Unpaywalled article, the lawsuit.
(I don't have a law degree, this is not legal advice, my background is going through a US copyright law course many years ago.) I've read most of the lawsuit and skimmed through the rest, some quick thoughts on the allegations:
- Memorisation: when ChatGPT outputs text that closely copies original NYT content, this is clearly a copyright infringement. I think it's clear that OpenAI & Microsoft should be paying everyone whose work their LLMs reproduce.
- Training: it's not clear to me whether training LLMs on copyrighted content is a copyright infringement under the current US copyright law. I think lawmakers should introduce regulations to make it an infringement, but I wouldn't think the courts should consider it to be an infringement under the current laws (although I might not be familiar with all relevant case law).
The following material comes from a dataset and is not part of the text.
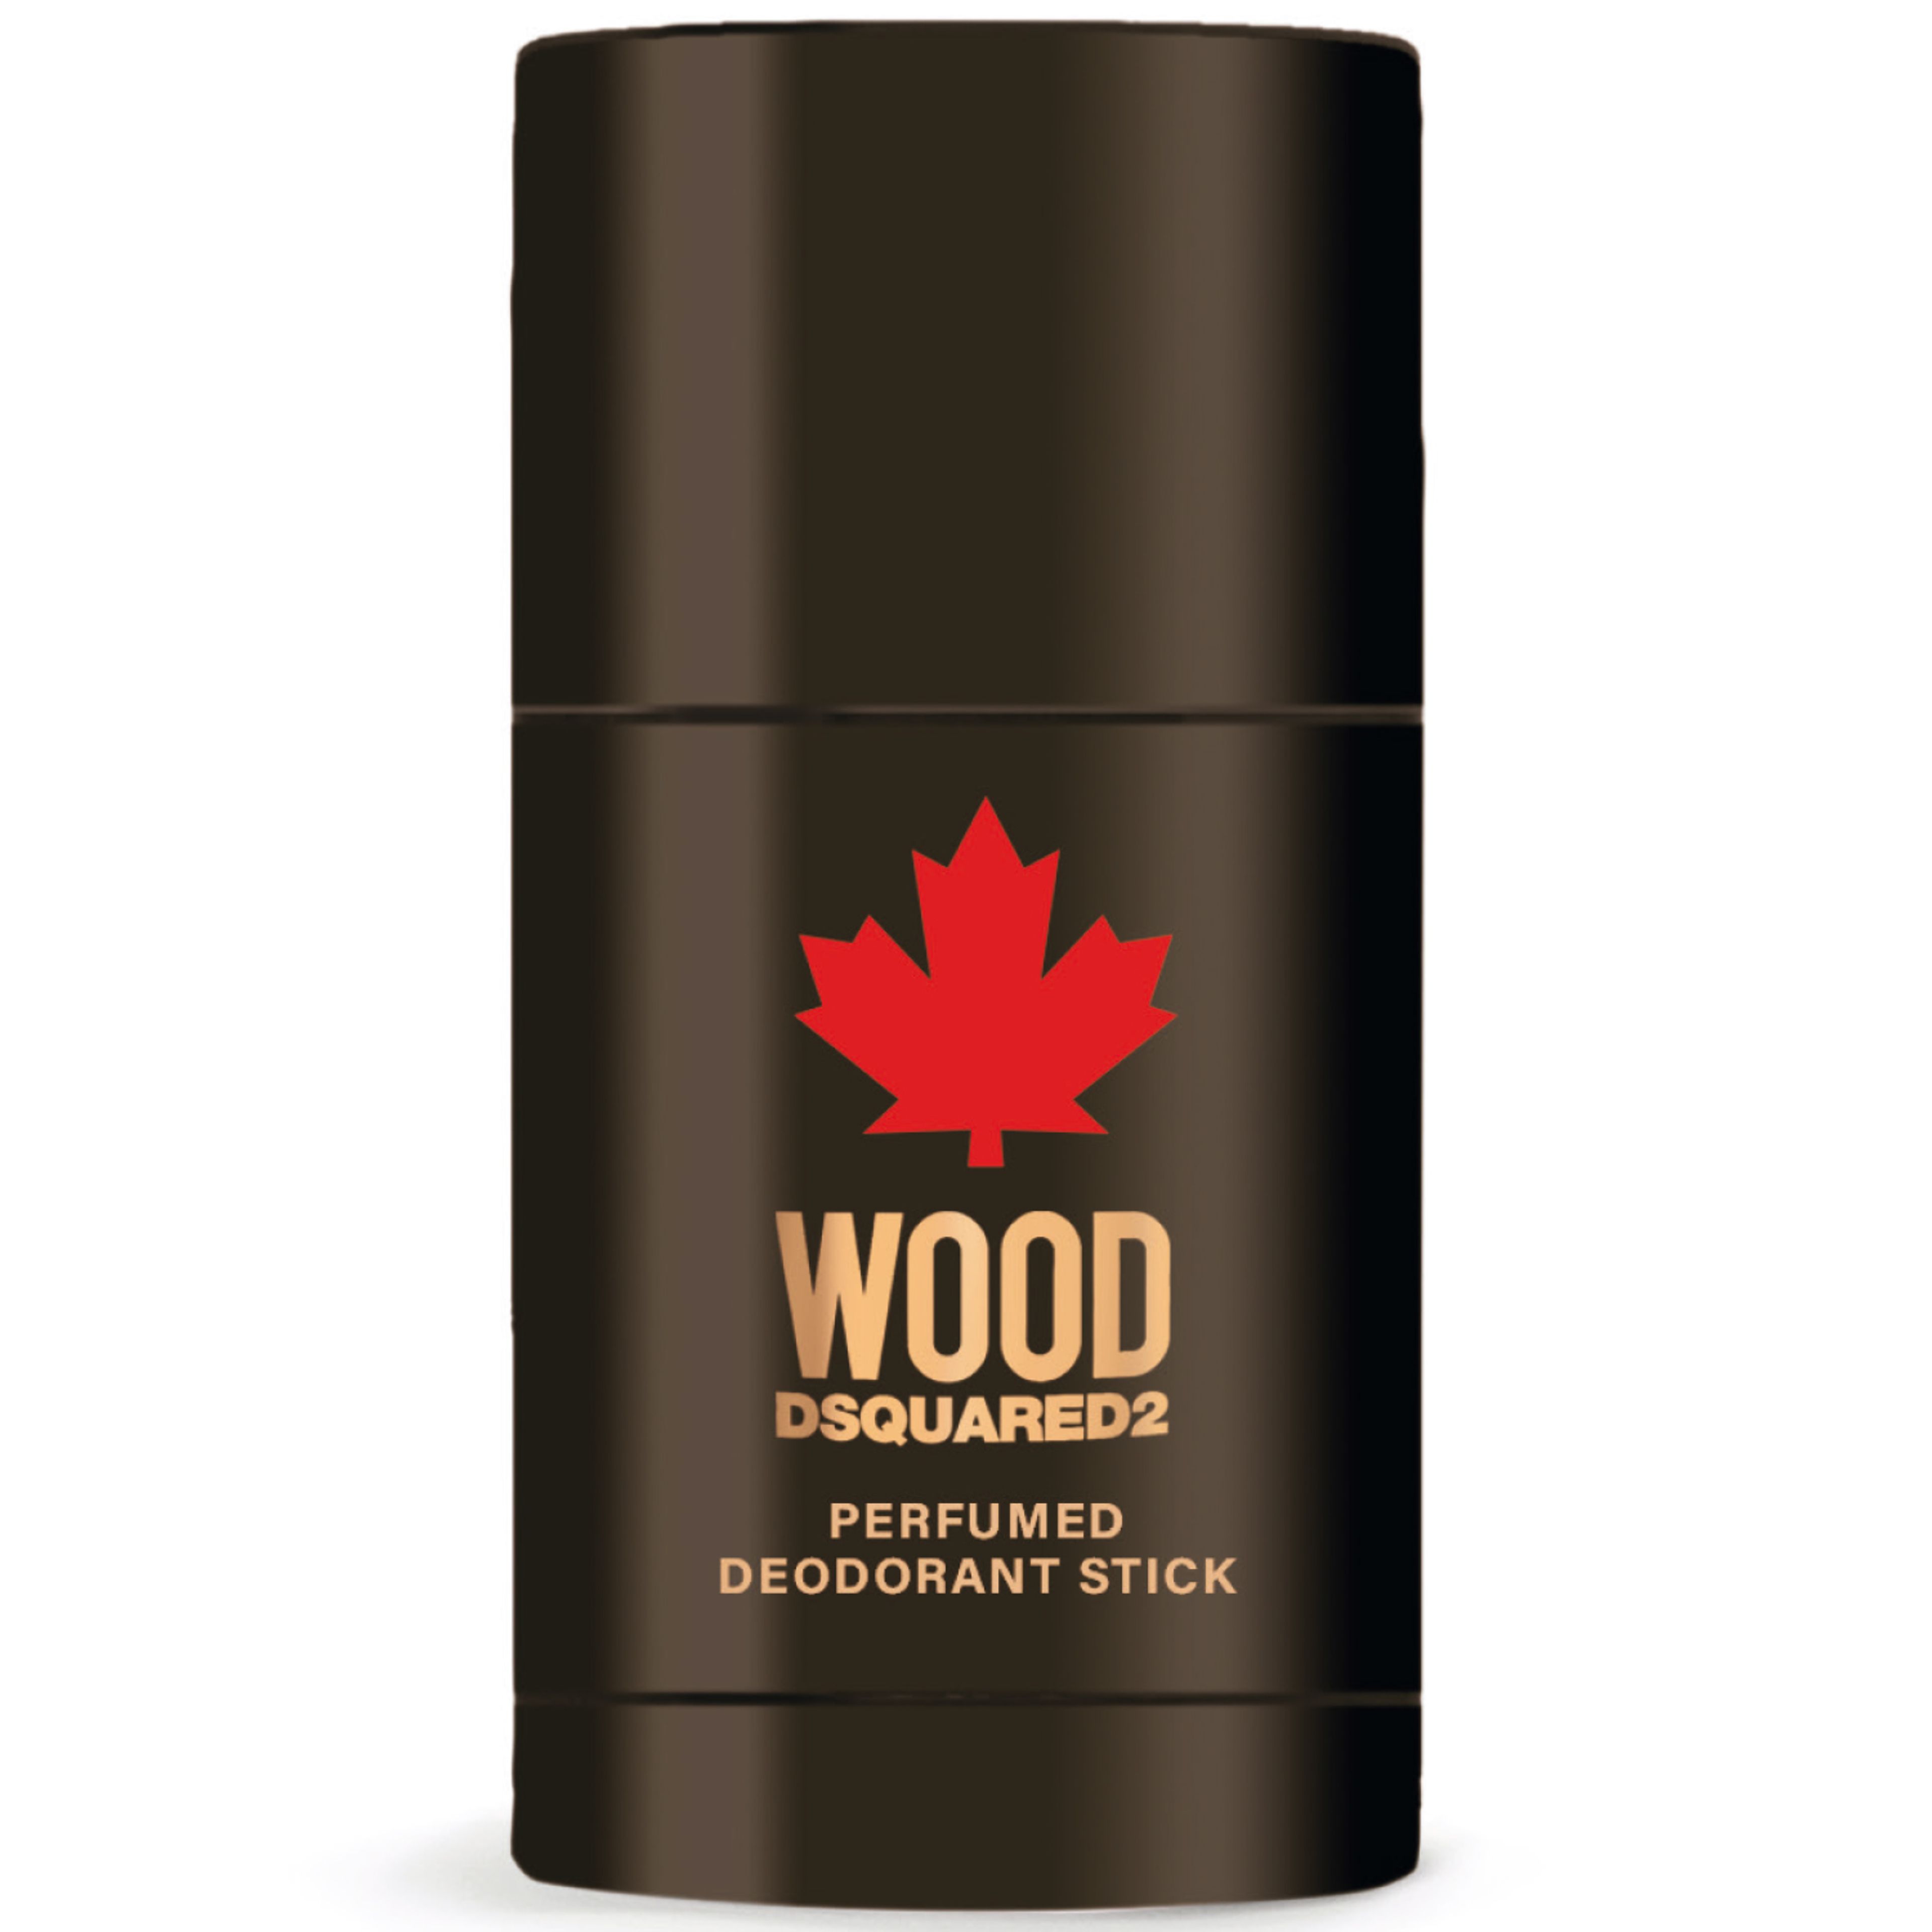 Wood Pour Homme Perfumed Deodorant Stick Dsquared2 1

- Summarising news articles found on the internet: copyright protects expression, not facts (if you read about something in a NYT article, the knowledge you received isn't protected by copyright, and you're free to share the knowledge); I think that if an LLM summarises text it has lawful access to, this doesn't violate copyright if it just talks about the same facts, or might be fair use. NYT alleges damage from Bing that Wikipedia also causes by citing facts and linking the source. I think to the extent LLMs don't preserve the wording/the creative structure, copyright doesn't provide protection; and some preservation of the structure might be fair use.
- Hallucinations: ChatGPT hallucinating false info and attributing it to NYT is outside copyright law, but seems bad and damaging. I'm not sure what the existing law around that sort of stuff is, but I think even if it's not covered by the existing law, it'd be great to see regulations making AI companies liable for all sorts of damage from their products, including attributing statements to people who've never made them.
I see a case against punishing here, in general. Consider me asking you "What did Mario say?", and you answering - in private -
"Listen to this sentence - even though it might well be totally wrong: Mario said xxxx.",
or, even more in line with the ChatGPT situation,
"From what I read, I have the somewhat vague impression that Mario said xxxx - though I might mix this up, so you may really want to double-check."
Assume Mario has not said xxxx. We still have a strong case for not, in general, punishing you for the above statement. And even if I acted badly in response to your message, so that someone gets hurt, I'd see, a priori, the main blame to fall upon me, not you.
The parallels to the case of ChatGPT[1] suggests to extend a similar reservation about punishing to our current LLMs.
Admittedly, pragmatism is in order. If an LLM's hallucinations - despite warnings - end up creating entire groups of people attacking others due to false statements, it may be high time to reign in the AI. But the default for false attributions should not be that, not as long as the warning is clear and obvious: Do not trust it as of yet at all.
In addition to knowing today's LLMs hallucinate, we currently even get a "ChatGPT can make mistakes. Consider checking important information." right next to its prompt.